Welcome to WebmasterWorld Guest from

Forum Moderators: DixonJones & mademetop

Message Too Old, No Replies

Need help in interpreting raw log files

I find Webalizer reporting data notably different from raw log files

4:44 pm on Jun 4, 2009 (gmt 0)

Junior Member

10+ Year Member

joined:July 1, 2005
votes: 0

My Webalizer server stats is reporting a number of page views far and away lower than what I found by looking into my raw log files. As I'm not sure if I am interpreting my raw log correctly, I would appreciate your advice about method I am using in doing it. Here's an example of how a line of my raw log files looks:  - -  [20/May/2009:09:28:04 -0700] "GET /index.php/ HTTP/1.1" 200 45626 "http://www.google.ie/search?hl=en&q=..." "Mozilla/4.0 (compatible; ....)"

to make it more readable, below I make a list of the values included in the example line (with each numbered value corresponding to a column in the line):
2. - -
3. [20/May/2009:09:28:04 -0700]
4. "GET /index.php/ HTTP/1.1"
5. 200 45646
6. "http://www.google.ie/search?hl=en&q=..."
7. "Mozilla/4.0 (compatible; ....)"

In order to know the number of page views I take only the files with extension .php included in the column 4.
Now, what I find through this method is a number of pages hugely bigger than what Webalizer reports.
Also, in order to get rid of log-entries caused by robots, I eliminate the pages where in the corresponding column 7. (including info about browser) I find the string: bot. Even with that I am still finding a number of page views largely higher than what Webalizer reports.

Am I missing anything? Also, as most of my pages views have a dynamic Url I wonder does Webalizer read all of pages views having dynamic Url?


4:15 am on June 10, 2009 (gmt 0)

Junior Member

5+ Year Member

joined:Feb 20, 2008
votes: 0

Not all bots have bot in ua.

I take the raw logs and write a db table, set on a script hourly. Because the logs reset daily, I key them by ip + time + other unique info and don't update twice.
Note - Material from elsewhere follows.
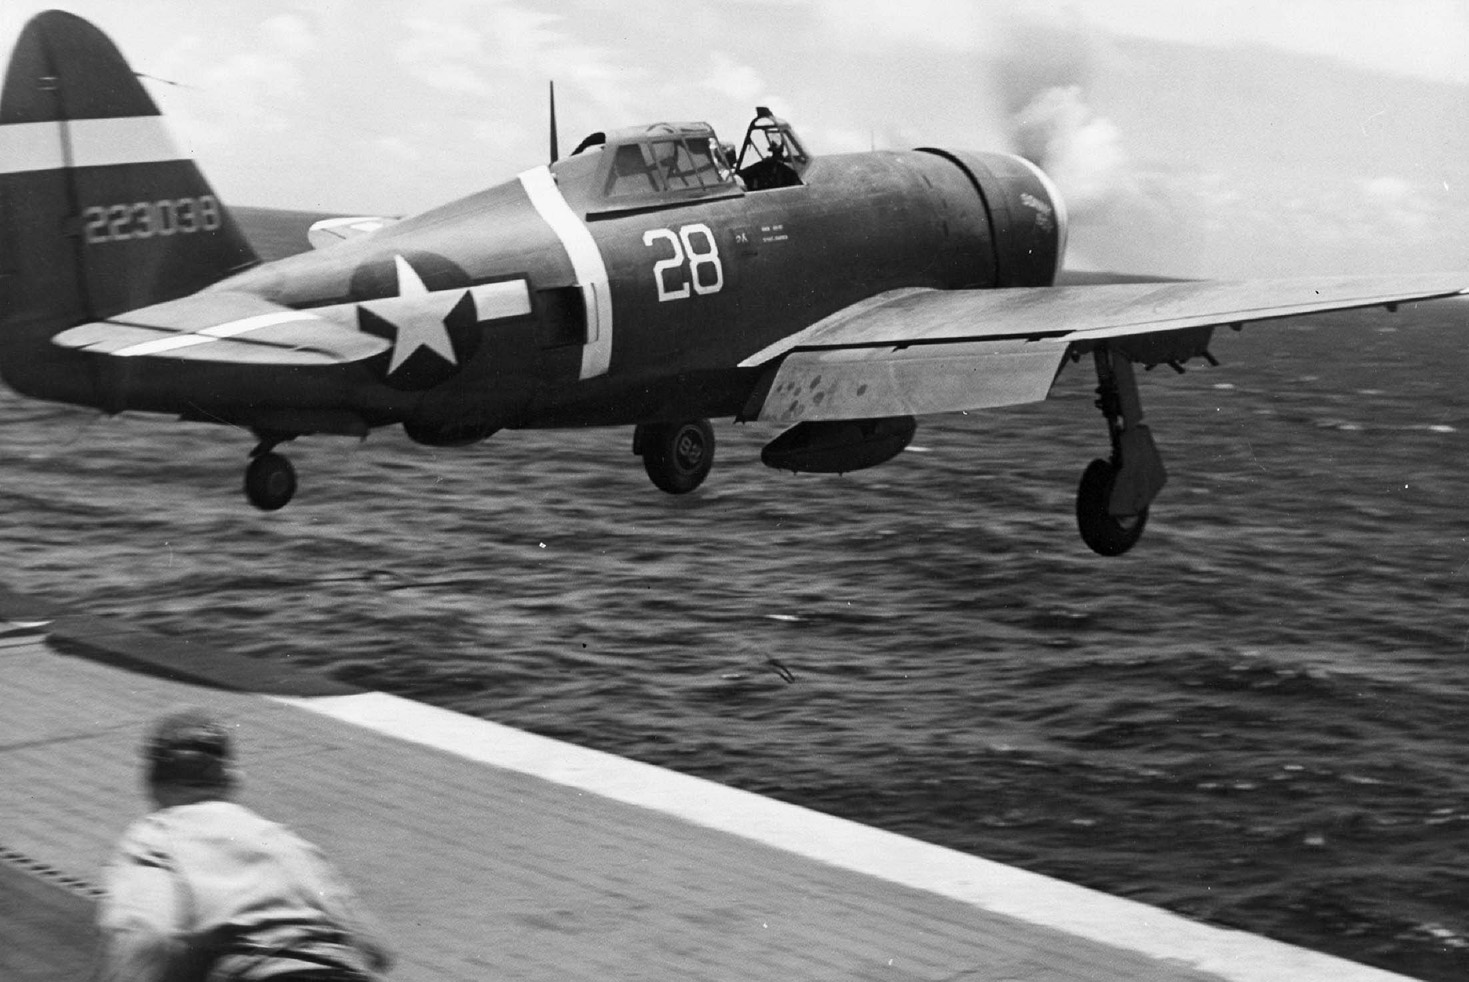 This P-47D flies off the deck of the escort carrier USS Manila Bay to attack an approaching formation of Japanese Aichi Val dive bombers east of the island of Saipan in the Marianas.

On the way in I lookup each from a robots IP lookup table. If bot goes to second db table.

(as I find new bots I add their 4 segment IP).

I lookup first by 4 segment IP in robots table,
if a range I've banned that jerk bots come from and they change it, I simply write 3 segments to bot table, (1st 3) which it also checks if 4 segments not found.

Now that separated to users (or unknown bots not already in my bot table), and bots, is much easier to get counts.

The script program displays a continuous hourly count but I can on demand or daily do query off the users table, and if I've added any that were really bots it skips them.

(sometimes you need to look at behaviour to see if bot, like it hits head which real users don't or scrapes a bunch quickly, etc)

then you can do whatever you want in ways of query with the table, which tends to grow large.

I can sep out by IP to give a 'visit' trail for any IP or chain of IPs in the case of AOL visits and the like.

Other interesting analyses can be done.
I wouldn't put too much into webstats figs. they are not as smart as you can be if you analyze the logs yourself in detail

I keep one log a day so I can reload the db if something goes corrupt.